Residence Permits and Naturalisation
Foreigners come to the Netherlands with a specific purpose. They wish to live with their family, or for example come here to work or study. The reason of their stay is called the purpose of stay. A residence permit can be granted by the Immigration and Naturalisation Service (hereafter referred to as the IND) for either a temporary or non-temporary purpose of stay. After 5 years of uninterrupted residence in the Netherlands, it is possible to request a residence permit for an indefinite period of time. Through naturalisation a foreigner can become a Dutch citizen. In order to be able to apply for a residence permit or naturalisation several different conditions must be met by the foreigner. This article will provide you with basic information about the different types of residence permits, the conditions that must be met in order to be able to obtain a residence permit and the conditions that must be met in order to become a Dutch citizen through naturalisation.
Residence permit for a temporary purpose
With a residence permit for a temporary purpose you may live in the Netherlands for a limited period. Some residence permits for a temporary purpose cannot be extended. In that case you cannot apply for a permanent residence permit and for the Dutch nationality.
The following purposes of stay are temporary:
- Au pair
- Cross border service provider
- Intra Corporate Transferees (Directive 2014/66/EC)
- Medical treatment
- Orientation year for highly educated persons
- Seasonal work
- Stay with a family member, if the family member you are staying with is here for a temporary purpose of stay or the family member has a temporary asylum residence permit
- Temporary asylum residence permit
- Temporary humanitarian purposes
- Trainee for study or employment purposes
Residence permit for a non-temporary purpose
With a residence permit for a non-temporary purpose you can live in the Netherlands for an unlimited period. However, you have to meet the conditions for your residence permit at all times.

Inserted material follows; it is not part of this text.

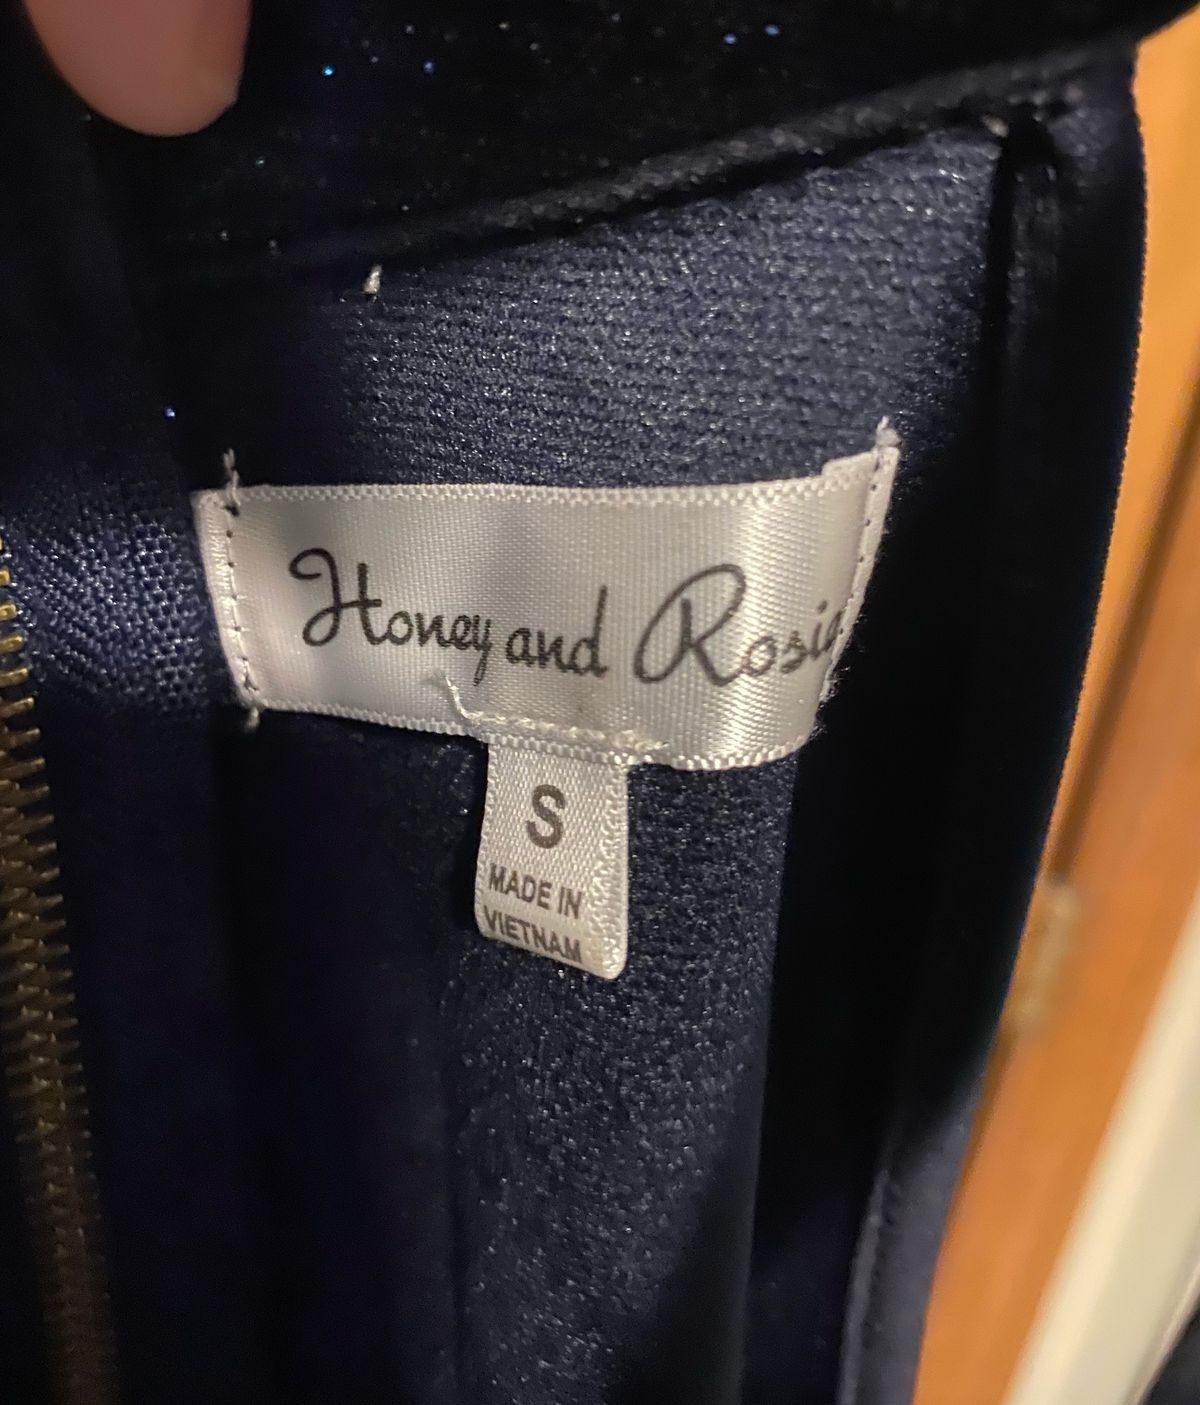 Size 4 Homecoming Navy Blue Cocktail Dress on Queenly

The following purposes of stay are non-temporary:
- Adopted child, if the family member you are staying with is a Dutch, EU/EEA or Swiss citizen. Or, if this family member has a residence permit for a non-temporary purpose of stay
- EC long-term resident
- Foreign investor (wealthy foreign national)
- Highly skilled migrant
- Holder of a European Blue Card
- Non-temporary humanitarian purposes
- Paid employment as non-privileged military personnel or non-privileged civilian personnel
- Paid employment
- Permanent stay
- Scientific research based on Directive 2005/71/EG
- Stay with a family member, if the family member you are staying with is a Dutch, EU/EEA or Swiss citizen. Or, if this family member has a residence permit for a non-temporary purpose of stay
- Work on a self-employed basis
Residence permit for an indefinite period (permanent)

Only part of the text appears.